We use the Sum of Squares method to develop new efficient algorithms for learning well-separated mixtures of Gaussians and robust mean estimation, both in high dimensions, that substantially improve upon the statistical guarantees achieved by previous efficient algorithms. Our contributions are: Mixture models with separated means: We study mixtures of poly(k)-many k-dimensional distributions where the means of every pair of distributions are separated by at least kε. In the special case of spherical Gaussian mixtures, we give a kO(1/ε)-time algorithm that learns the means assuming separation at least kε, for any ε> 0. This is the first algorithm to improve on greedy (“single-linkage”) and spectral clustering, breaking a long-standing barrier for efficient algorithms at separation k1/4. Robust estimation: When an unknown (1−ε)-fraction of X1,…,Xn are chosen from a sub-Gaussian distribution with mean µ but the remaining points are chosen adversarially, we give an algorithm recovering µ to error ε1−1/t in time kO(t), so long as sub-Gaussian-ness up to O(t) moments can be certified by a Sum of Squares proof. This is the first polynomial-time algorithm with guarantees approaching the information-theoretic limit for non-Gaussian distributions. Previous algorithms could not achieve error better than ε1/2. As a corollary, we achieve similar results for robust covariance estimation. Both of these results are based on a unified technique.

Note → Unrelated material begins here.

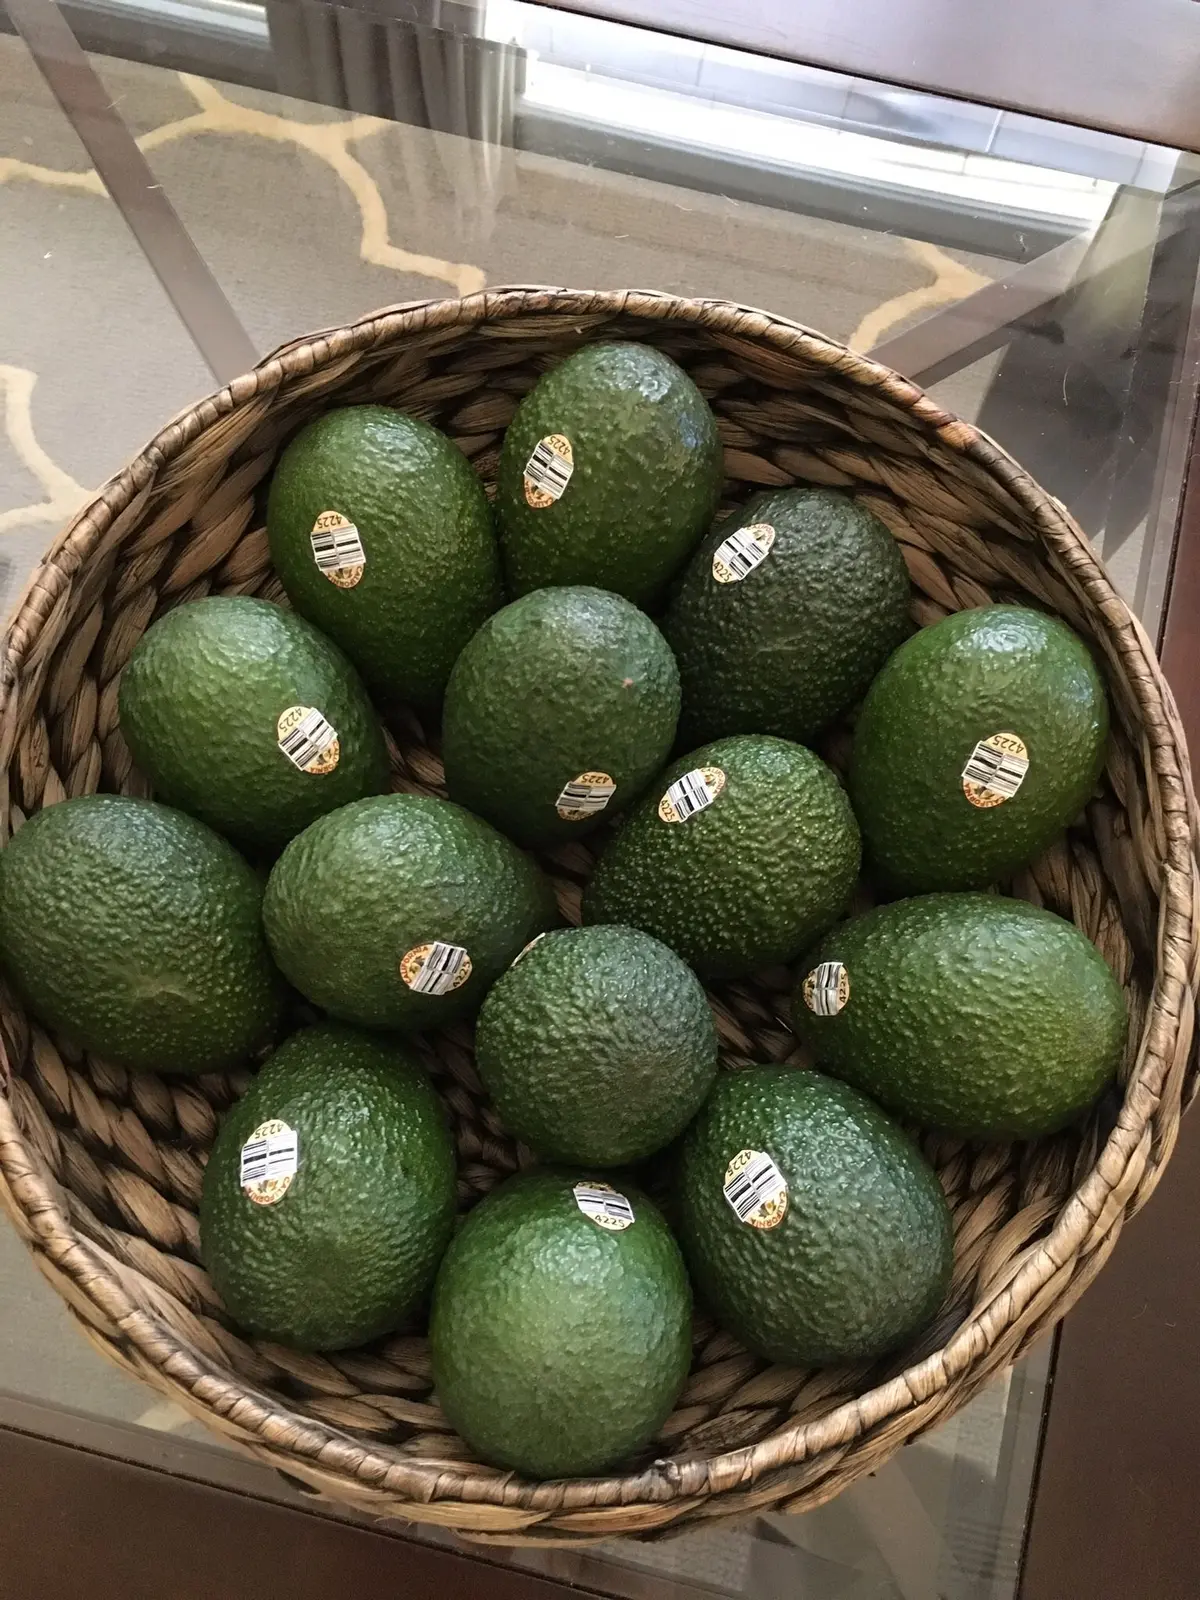 How to Store Avocados Properly and Safely

Inspired by recent algorithms of Diakonikolas et al. in robust statistics, we devise an SDP based on the Sum of Squares method for the following setting: given X1,…,Xn ∈ ℝk for large k and n = poly(k) with the promise that a subset of X1,…,Xn were sampled from a probability distribution with bounded moments, recover some information about that distribution.
混合模型,鲁棒性和平方和证明
我们使用平方和方法来开发新的高效算法,用于学习良好分离的高斯混合和鲁棒平均估计,两者都是在高维上,大大提高了以前高效算法所实现的统计保证。我们的贡献是:具有分离均值的混合模型:我们研究多(k)-许多k维分布的混合,其中每对分布的均值至少相隔kε。在球形高斯混合的特殊情况下,我们给出了一个kO(1/ε)时间算法,该算法学习了假设分离至少为kε的均值,对于任何ε> 0。这是第一个改进贪婪(“单链接”)和谱聚类的算法,打破了在分离k1/4时高效算法的长期障碍。鲁棒性估计:当从均值为μ的亚高斯分布中选取未知的(1−ε)分数X1,…,Xn,而其余的点都是逆向选取时,我们给出了一种在kO(t)时间内恢复μ to误差ε1−1/t的算法,只要在O(t)阶矩以内的亚高斯性可以通过平方和证明得到证明。这是第一个多项式时间算法,保证接近非高斯分布的信息论极限。以往的算法均不能达到优于ε1/2的误差。作为推论,我们在稳健协方差估计上也得到了类似的结果。这两个结果都是基于一个统一的技术。受Diakonikolas等人在鲁棒统计中的最新算法的启发,我们设计了一种基于平方和方法的SDP,用于以下设置:给定X1,…,Xn∈∈k(大k), n = poly(k),并承诺从具有有界矩的概率分布中采样X1,…,Xn的子集,恢复该分布的一些信息。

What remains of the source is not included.